The SC adopted CA decision in toto. CFI was in error when it declared that the petition for
probate of the will of Victorino Guevara was barred by prescription. Statute of limitations has
no application to probate of wills. Probate proceedings are not exclusively established in the
interest of the surviving heirs, but primarily for the protection of the testators expressed wishes,
that are entitled to respect as an effect of his ownership and right of disposition. If the probate of
validly executed wills is required by public policy, the state could not have intended the statute
of limitations to defeat that policy.
It is true, as ruled by the trial court, that the rights of parties should not be left hanging in
uncertainty for periods of time far in excess of the maximum period of ten years allowed by law;
but the obvious remedy is for the other interested persons to petition for the production
of the will and for its probate, or to inflict upon the guilty party the penalties prescribed
by Rule 76 or declare the unworthiness of the heir under the Civil Code for concealing or
suppressing the testament; but NOT to dismiss the petition for probate, however belatedly
submitted, and thereby refuse sanction to testamentary dispositions executed with all the
formalities prescribed by law, incidentally prejudicing also those testamentary heirs.

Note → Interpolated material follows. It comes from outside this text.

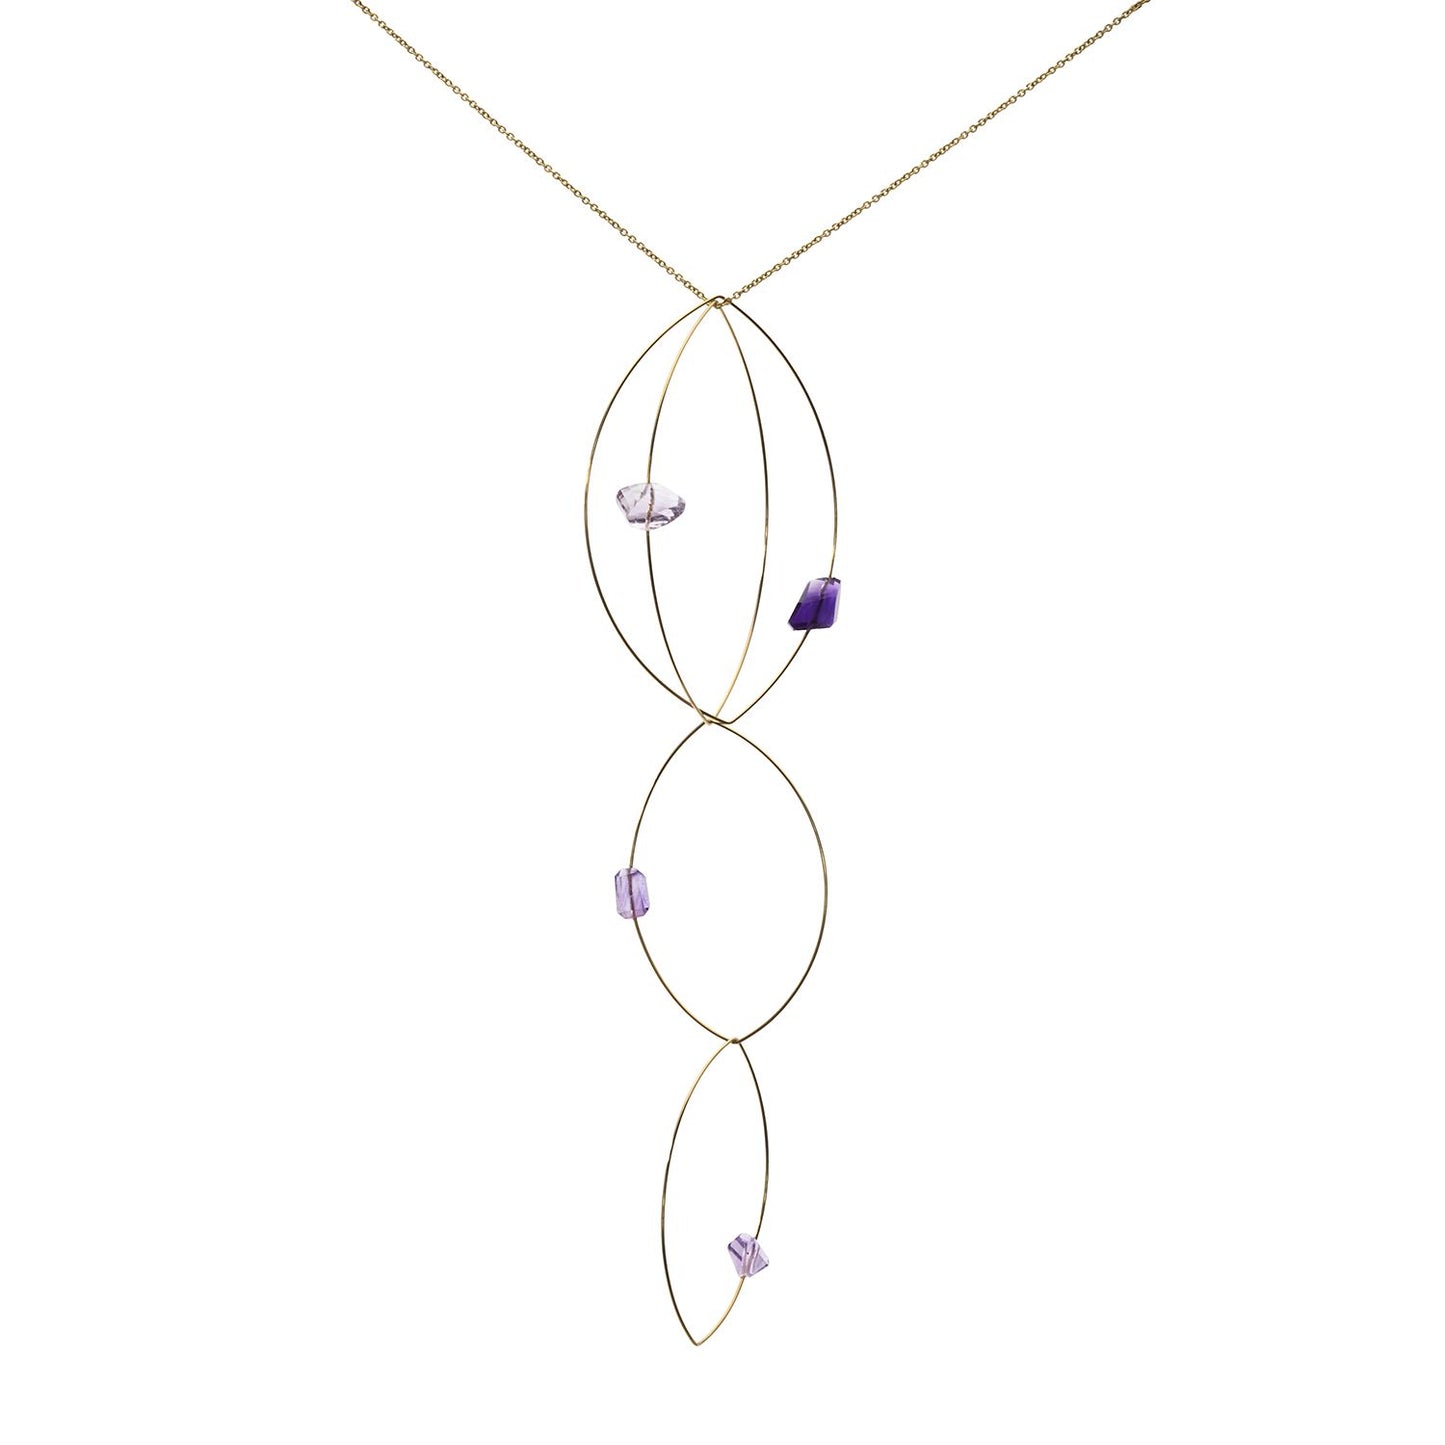 'Morph It!' Necklace with Amethyst

The law expressly provides that no will shall pass either real or personal estate unless it
is proved and allowed in the proper court; second, because the probate of a will, which is
a proceeding in rem, cannot be dispensed with and substituted by any other proceeding,
judicial or extrajudicial, without offending against public policy designed to effectuate the
testators right to dispose of his property by will in accordance with law and to protect the rights
of the heirs and legatees under the will thru the means provided by law, among which are the
publication and the personal notices to each and all of said heirs and legatees.